Андре развернула маленькую сверкающую сумочку, и щеки ее зарделись.

— Сильви! Это просто чудо! Как мило с вашей стороны!

Мне показалось, что, не будь рядом наших мам, она бы меня расцеловала.

— Поблагодари и мадам Лепаж, — предложила ее мать своим мягким голосом. — Это, конечно, она взяла на себя весь труд…

— Спасибо, мадам, — быстро сказала Андре и снова восхищенно улыбнулась мне.

Пока мама вяло протестовала, я почувствовала, как меня что-то кольнуло внутри. Я вдруг поняла, что мадам Галлар меня недолюбливает.

* * *

Сегодня я могу только восхищаться чутьем этой проницательной женщины: дело в том, что я начала меняться. Наших учительниц я теперь находила безнадежными дурами, развлекалась тем, что задавала им каверзные вопросы, спорила с ними, дерзила в ответ на их замечания. Мама меня слегка бранила, а папа, когда я рассказывала ему о своих стычках с нашими монашками, смеялся; его смех избавлял меня от угрызений совести, но мне и в голову не приходило, что мои выходки могут не нравиться Богу. Когда я исповедовалась, я думать не думала о таких пустяках. Я причащалась несколько раз в неделю, аббат Доминик подталкивал меня на путь созерцательного мистицизма — моя мирская жизнь не имела ничего общего с этим духовным призванием. Прегрешения, в которых я каялась, касались главным образом состояний моей души: я недостаточно истово верила, слишком надолго забывала о божественном присутствии, молилась рассеянно, была к себе чересчур снисходительна. Однажды, перечислив все эти провинности, я услышала через окошечко исповедальни голос аббата Доминика:

— Это все?

Я растерялась.

— Мне сообщили, что моя маленькая Сильви уже не та, что прежде. Говорят, она стала невнимательной, непослушной, дерзкой.

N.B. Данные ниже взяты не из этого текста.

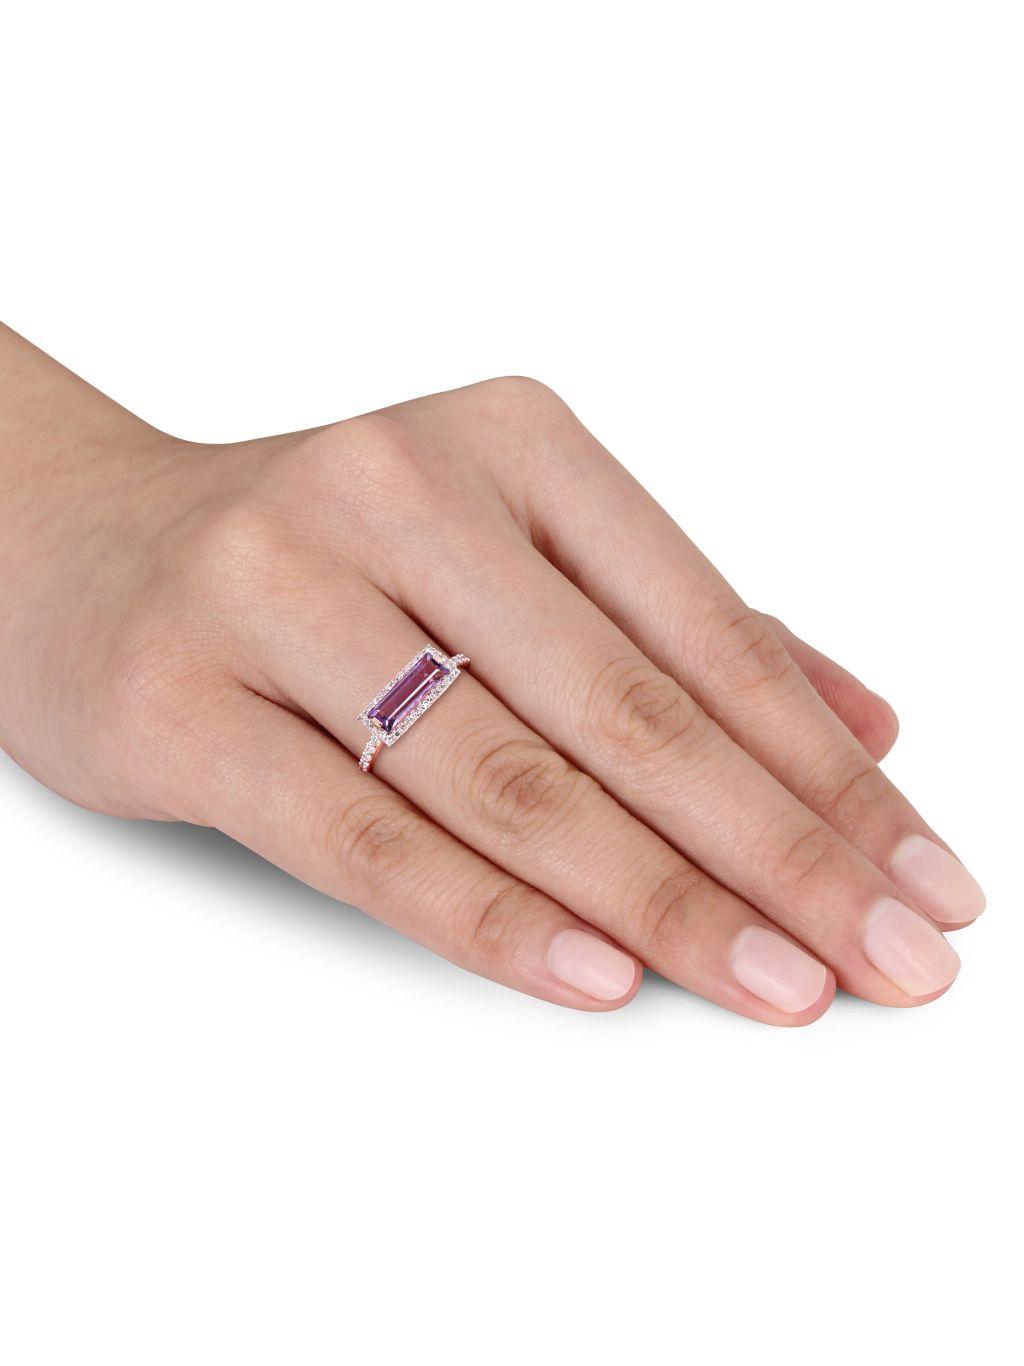 Saks Fifth Avenue 14K Rose Gold, Amethyst & Diamond Ring

У меня запылали щеки, я не могла выдавить из себя ни слова.

— С сегодняшнего дня ты должна начать исправляться, — произнес голос аббата. — Мы поговорим об этом в следующий раз.

Аббат Доминик отпустил мне грехи, я выскочила из исповедальни с горящим лицом и убежала из часовни без покаяния. Шок был намного сильнее, чем в тот день, когда мужчина в поезде метро приоткрыл полу своего пальто и показал мне что-то розоватое.

Восемь лет я преклоняла колени перед аббатом Домиником, как преклоняют колени перед Господом, а он оказался просто старым сплетником, судачил с нашими монашками и принимал их россказни всерьез. Мне было стыдно, что я открывала ему душу, он меня предал. С тех пор, заметив в коридоре его черную сутану, я заливалась краской и убегала.

До конца этого года и весь следующий я исповедовалась у викариев церкви Сен-Сюльпис и часто их меняла. Я продолжала молиться и медитировать, но во время каникул у меня случилось озарение. Я по-прежнему любила Садернак и, как раньше, много там гуляла, но ежевика и орешки с живых изгородей меня больше не привлекали, мне хотелось попробовать сок молочая, раскусить ядовитые ягоды цвета сурика с красивым загадочным названием «соломонова печать». Я делала множество запретных вещей: ела яблоки до обеда, тайком брала с верхних полок романы Дюма, вела познавательные разговоры о том, откуда берутся дети, с дочкой арендатора; ночью в постели рассказывала себе весьма странные истории и приходила от них в весьма странное состояние.

Как-то вечером, лежа на мокром лугу под луной, я подумала: «Это все грех», — однако была твердо намерена и дальше есть, читать, говорить и мечтать, как мне нравится. «Я не верю в Бога!» — сказала я себе. Разве можно верить в Бога и сознательно отказываться повиноваться Ему? Я лежала какое-то время потрясенная открывшейся мне очевидной истиной: я не верю.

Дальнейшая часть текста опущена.